Так что вводить для этих неисправимых бродяг законы – хуже чем бессмысленно. Обойдемся двумя-тремя пустячными правилами грамматики и орфографии – других ограничений мы на них наложить не сможем. Всё, что мы можем сказать о словах, пока рассматриваем их, свесившись с обрыва, заглядывая в их обиталище – глубокую, сумрачную, освещаемую лишь нечаянными озарениями пещеру ума… Всё, что мы можем сказать о словах: им, вероятно, нравится, когда люди, прежде чем употреблять слова, глубоко задумываются – но только не о словах, а о чем-то еще – и глубоко переживают – но только не по поводу слов. Слова крайне ранимы и чуть что теряются. Слова не любят пересудов об их чистоте или нечистоте.

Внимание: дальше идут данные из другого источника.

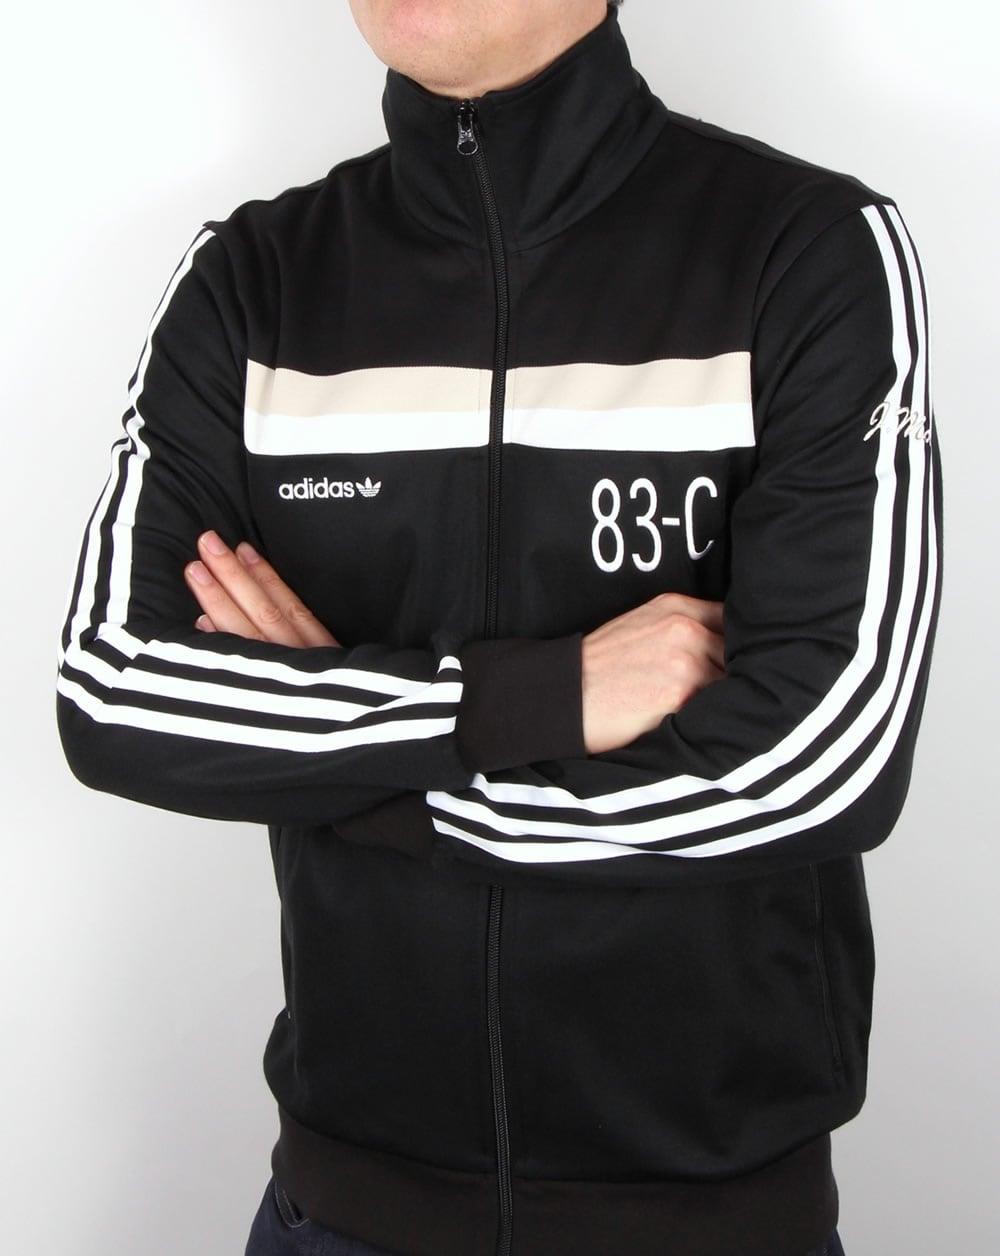 ff727cd472b5 Adidas Originals 83-C Track Top Black,tracksuit,jacket,mens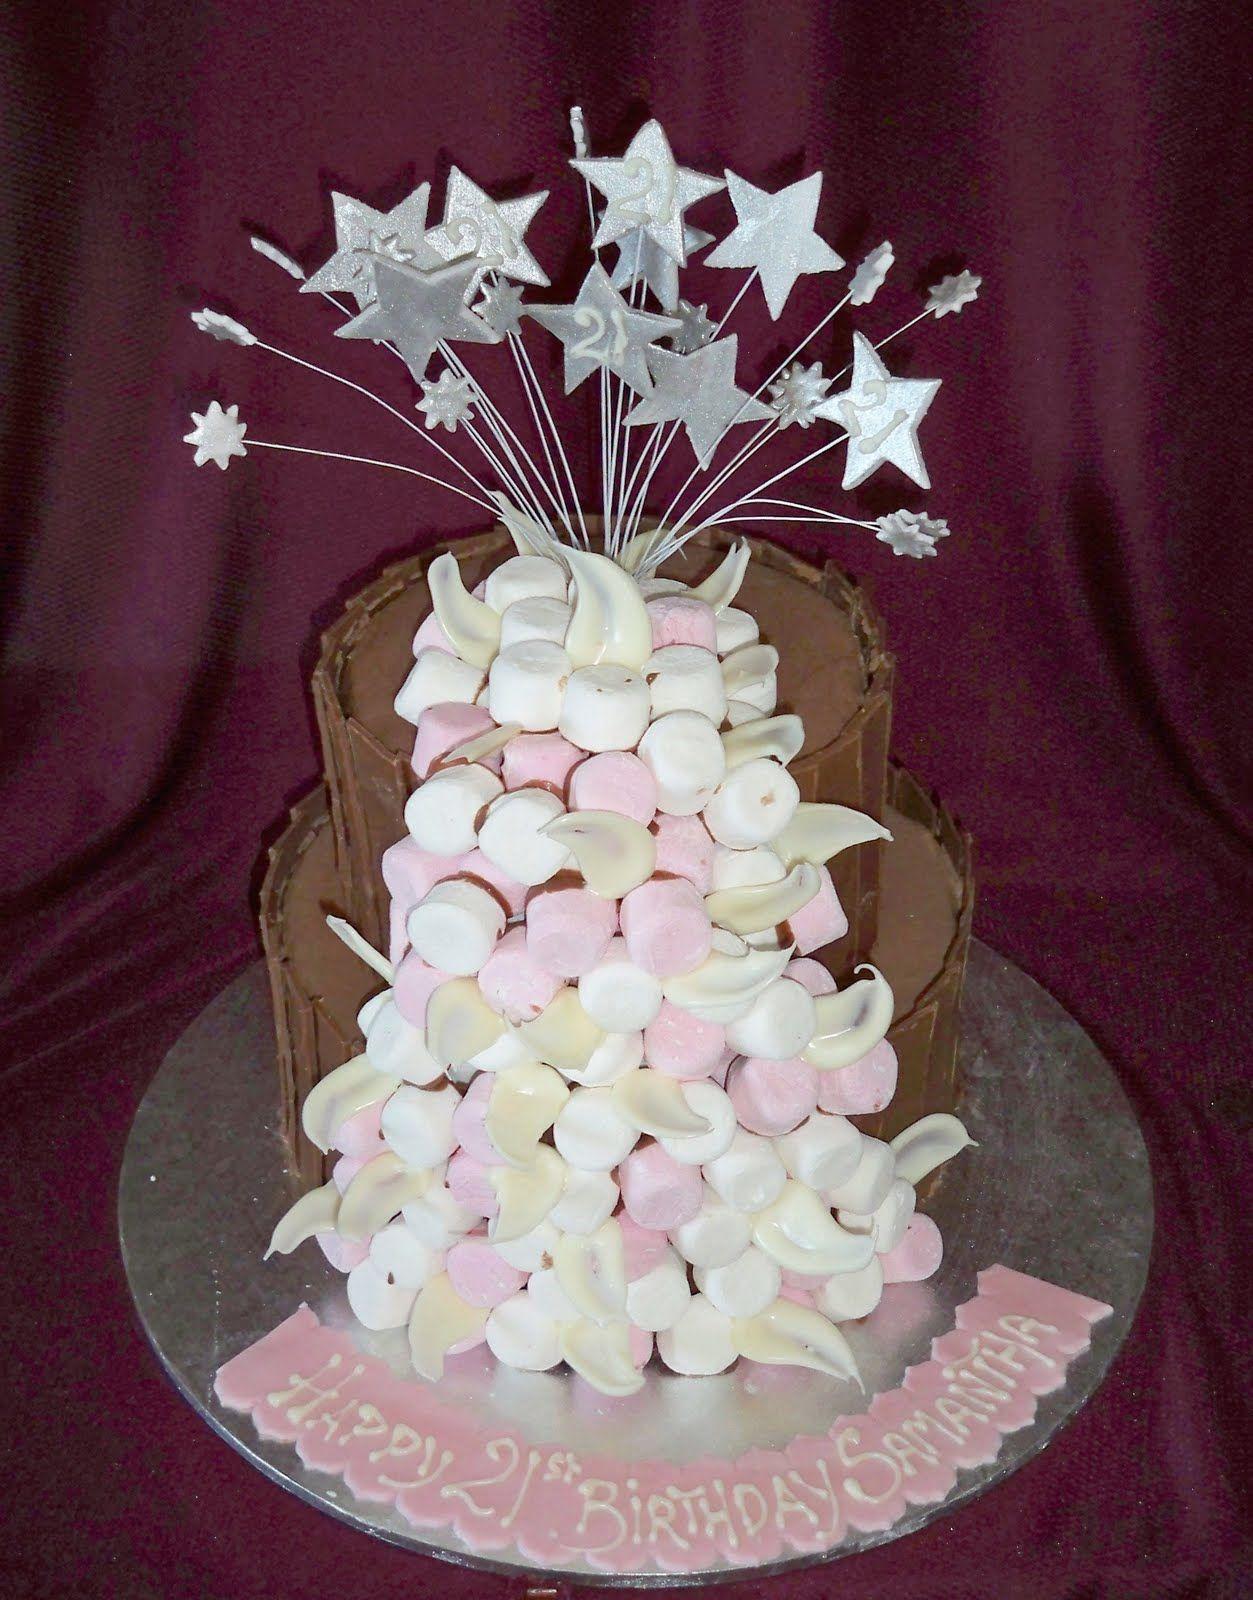 St Birthday Cake Creative Marshmallows Pinterest St - Latest 21st birthday cakes

Если вы учредите «Общество чистоты английского языка», они, разобидевшись, учредят общество нечистоты английского языка; вот почему в современной речи так часто прорывается неестественная грубость – это протест против пуритан. Также слова весьма демократичны; они полагают, что ни одно слово не хуже прочих; неученые слова ничем не хуже ученых слов, некультурные – культурных, в их обществе нет ни сословий, ни титулов. А еще они не любят, когда какое-нибудь слово подцепляют кончиком пера и, поднося к глазам, изучают в отрыве от других. Слова держатся кучно – фразами, абзацами, иногда периодами на несколько страниц. Им претит приносить пользу; им претит погоня за наживой; им претят публичные лекции о них самих. Короче, им претят любые попытки навесить им ярлыки, приписать каждому слову какой-то единственный смысл или однозначную позицию – ведь по самой своей природе слова ветрены и изменчивы.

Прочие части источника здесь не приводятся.